Bank of America will release a revamped office-return policy in the next six to eight weeks, CEO Brian Moynihan told an audience Tuesday at a banking conference in New York.
"We’ll have more flexibility than we did, on paper, before,” he said, according to Reuters. But, he added, “we'll have more formality to the flexibility.”
The policy aims to strike a balance such that it is specific to each of the bank’s units — “You can’t generalize,” Moynihan said, according to Bloomberg — but also consistent and fair across the business. The policy will vary, however, based on job responsibilities and other factors, the CEO said.
"We have 210,000 people and there’s literally 210,000 different views of what people want,” Moynihan said.
Those varying interpretations will have informed the nascent policy. The bank is incorporating feedback from staff surveys into its new standards, Bloomberg reported.
The announcement came on what may stand as a watershed day for post-COVID work. Goldman Sachs on Tuesday stopped requiring employees to be vaccinated against COVID-19 before entering its offices. (That policy doesn’t yet apply to New York City offices.) Tuesday was also Day 2 for a Morgan Stanley initiative discontinuing COVID testing requirements for office workers.
Those policy changes only surfaced last week. Other banks had earmarked Sept. 6 as a day of transition months ago. Capital One reopened its doors to all U.S. employees Tuesday for the first time in more than two years. The bank’s hybrid work policy encourages — but doesn’t require — in-office attendance Tuesday through Thursday.
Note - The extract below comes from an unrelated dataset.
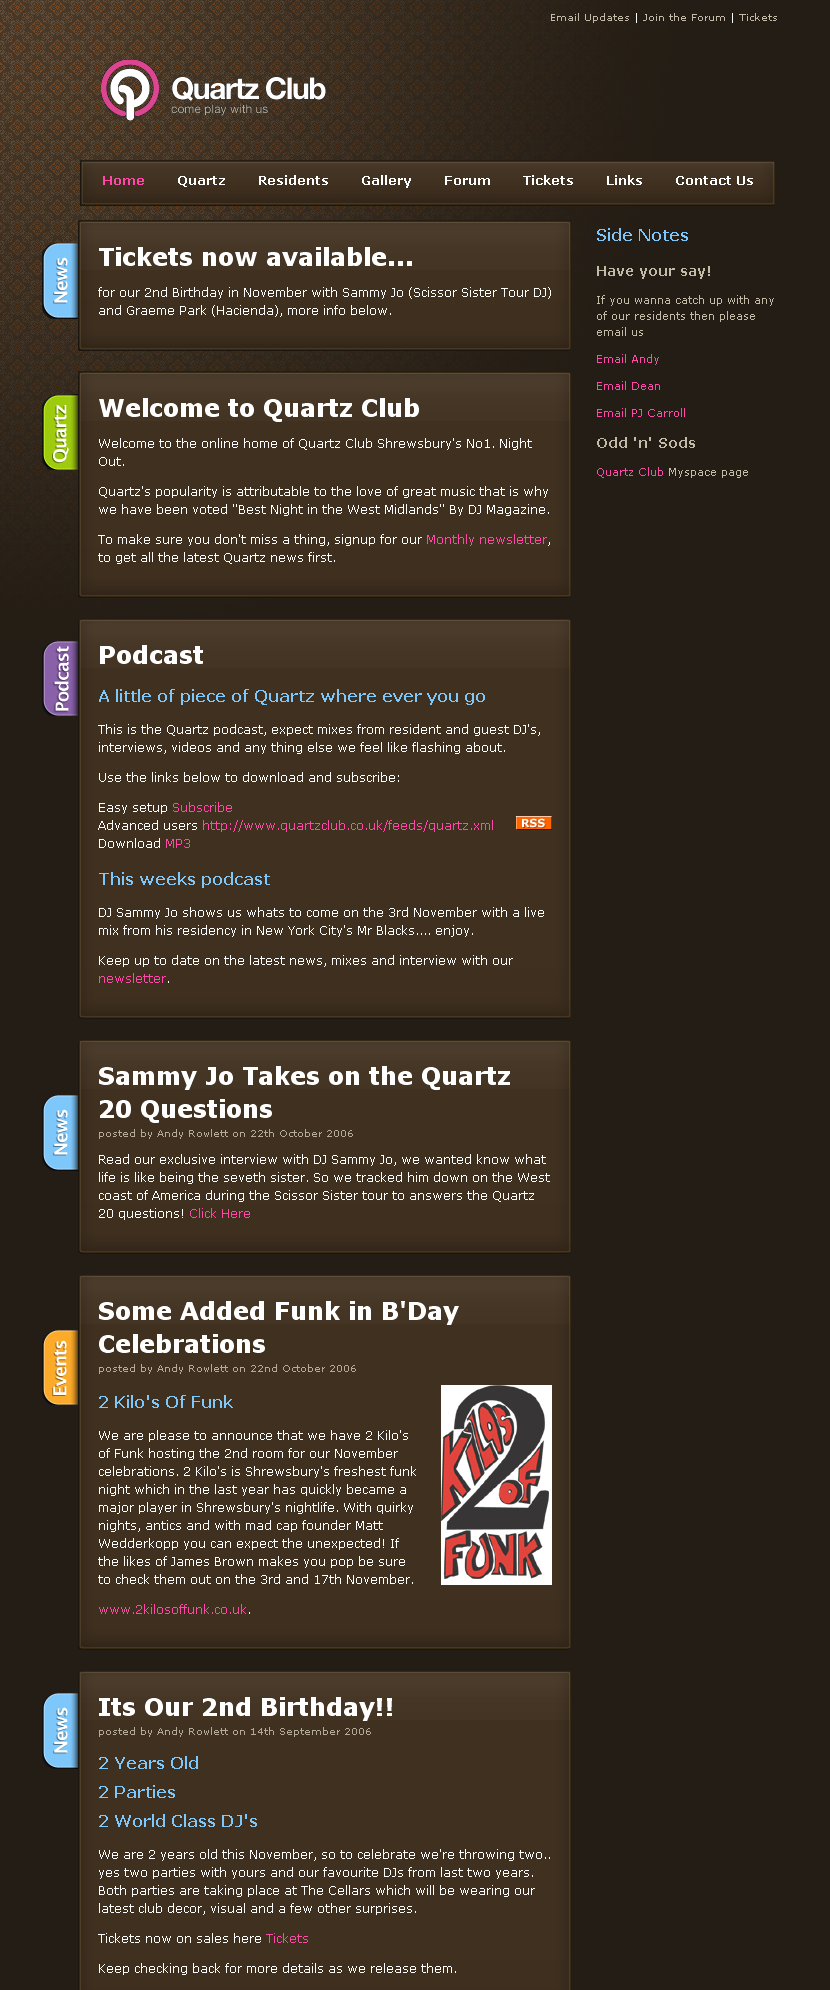 Quartz Club website in 2006

Employees without proof of vaccination must meet COVID testing requirements, the bank specified in May.
Still other banks have launched less specific pleas to ramp up office attendance. Jefferies CEO Rich Handler last week told employees the bank “need[s] everyone back in our offices on a consistent basis” during the fourth quarter. Royal Bank of Canada CEO Dave McKay asked employees, “as we move into fall … to come together more often in person to work and collaborate.”
Analysts and observers, however, are divided as to whether the Labor Day shift in attitude will have legs.
“I think that you’ll see, certainly if we go into a bit of a recession or whatever we’re in now, as the leverage swings back to employers, they’ll use that leverage momentum to insist that people be back to the office,” Jeff Blau, CEO of Related Cos., a real estate developer invested in Manhattan’s Hudson Yards, told Bloomberg.
Another real estate developer, Bill Rudin, CEO of Rudin Management, told the wire service that office attendance may spike in reaction to other economic consequences.
“As you start seeing some layoffs happening, people will say, ‘Whoa, I don’t want to be laid off, I want to be in the office and have bosses see that I’m working really hard,’” Rudin said.
However, Bhushan Sethi, joint global leader for people and organization at PricewaterhouseCoopers, told Bloomberg that Labor Day may not mark the “great reckoning” office-work proponents may hope.
“Banks will be loath to be too aggressive,” he said.
It should be noted, though, that even the setting in which Moynihan teased Bank of America’s upcoming policy change had a post-COVID air.
Manhattan’s packed Pierre Hotel on Tuesday played host to the Bank Policy Institute and The Clearing House’s annual conference — the first time the gathering has convened in person since 2019.